I sit here in this giant waffle of an office tower
remembering the sound of motorcycle gangs
the smell of too much sex
and the depths of not enough drugs
I know where I come from
I know there are some napkins
I did not learn to fold
I know who I am
I sing/hum/moan it like a mantra
I
know
who
I
am
I say it like a juju/talisman/mezuzah
I know who I am (feh/spit/feh be gone evil spirits)
It does not matter what place settings you see.
bubbe meisseh
This is no bubbe meisseh
(or maybe it is)
It's the truth grandmothers tell
that you can't hear until you know it.
Did I tell you how my parents met?
My dad had no date
and momma was a hot ticket
So Mrs. Rockwell (sounding to my child ear like Rockefeller; no,
like Rothschild)
got on the Hoboken Hadassah hotline
And he was welcomed by bubbe and zeydeh
with garlic handshakes.
My mother protested.
`But ma, he's fat as the pretzel man'
`Shah' says bubbe, `A nice boy. Have a good time darling.'
(Only I'm sure she said it in Yiddish so
I couldn't understand until well after I was born.)
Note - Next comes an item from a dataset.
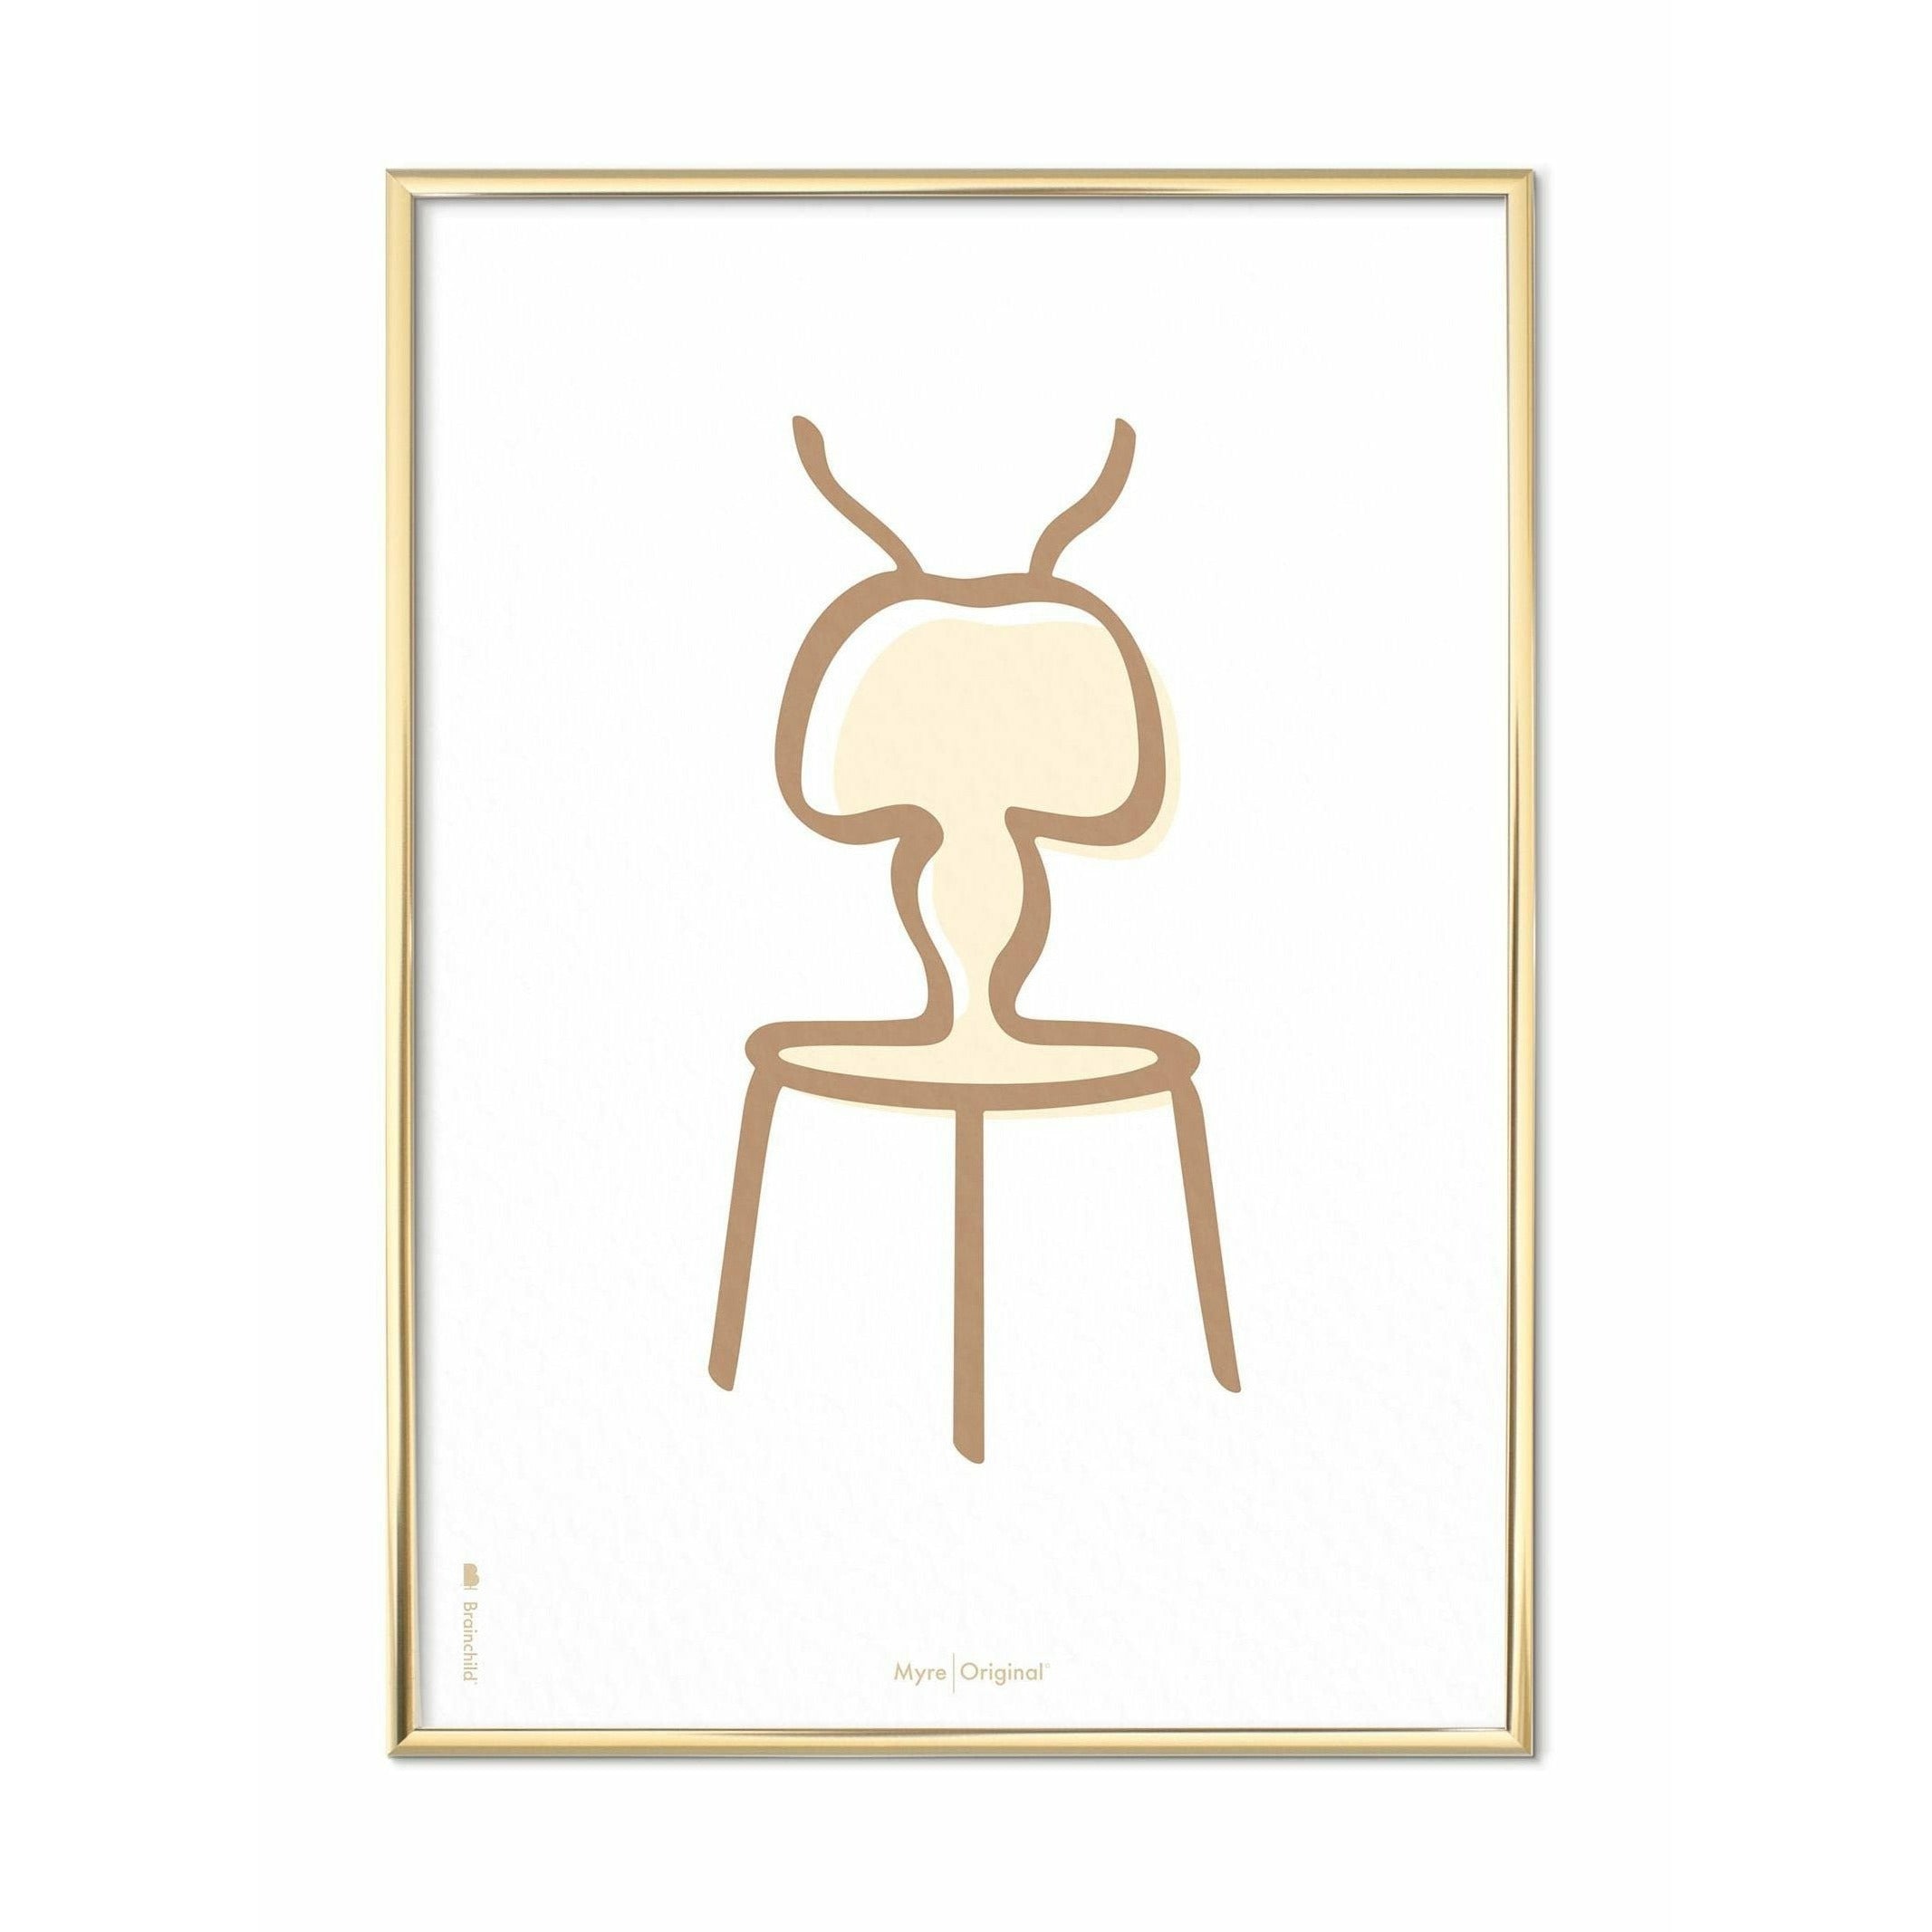 Plakát Ant Line Brainchild, mosazný barevný rám 30 x40 cm, bílé pozadí

And he didn't kiss like Bob Grossman
he had a temper
he ate with his mouth open
and he wasn't a poet.
But he was constant and no more or less a
nudnik than anyone else so,
she married him.
You know you should be married
I've such a nice boy for you
I only live to see you married...
I knew my grandparents would live forever
while I tasted rapture's gardens
poets, artists, musicians
we hung rosettes on the headboard
and in the doorway
and in the back seat
and in the front seat
and in the diner
and and and...
sometimes, no most times I was dizzy, faint and full
full of words and love and passion
and and and...
sometimes now I sigh and let tears fall
with nostalgia for a hot breathed
conquistador savored and kissed.
who never said I love you aloud
who vanquished before vanishing.
There's a skinny mahlink here, a real nudnik
he is arrogant
he doesn't shut up
he is stubborn
My mother says he has a good heart
but he eats with his mouth open
and he is constantly...
well, constantly here.
I folded up the sheets with all their fragrances
got rid of the futon
and put signs upon the gate.
He holds those words bound to him
as a sign on the frontlet between his eyes
and bound close to his heart.
Even in anger I hear the Song of Solomon
between invectives.
And bubbe may she rest in peace, saying
what is all this mishegas,
love
shmove
he's a good man
he loves you
you train him
you love him.
So kinder (this lesson while you're fressen)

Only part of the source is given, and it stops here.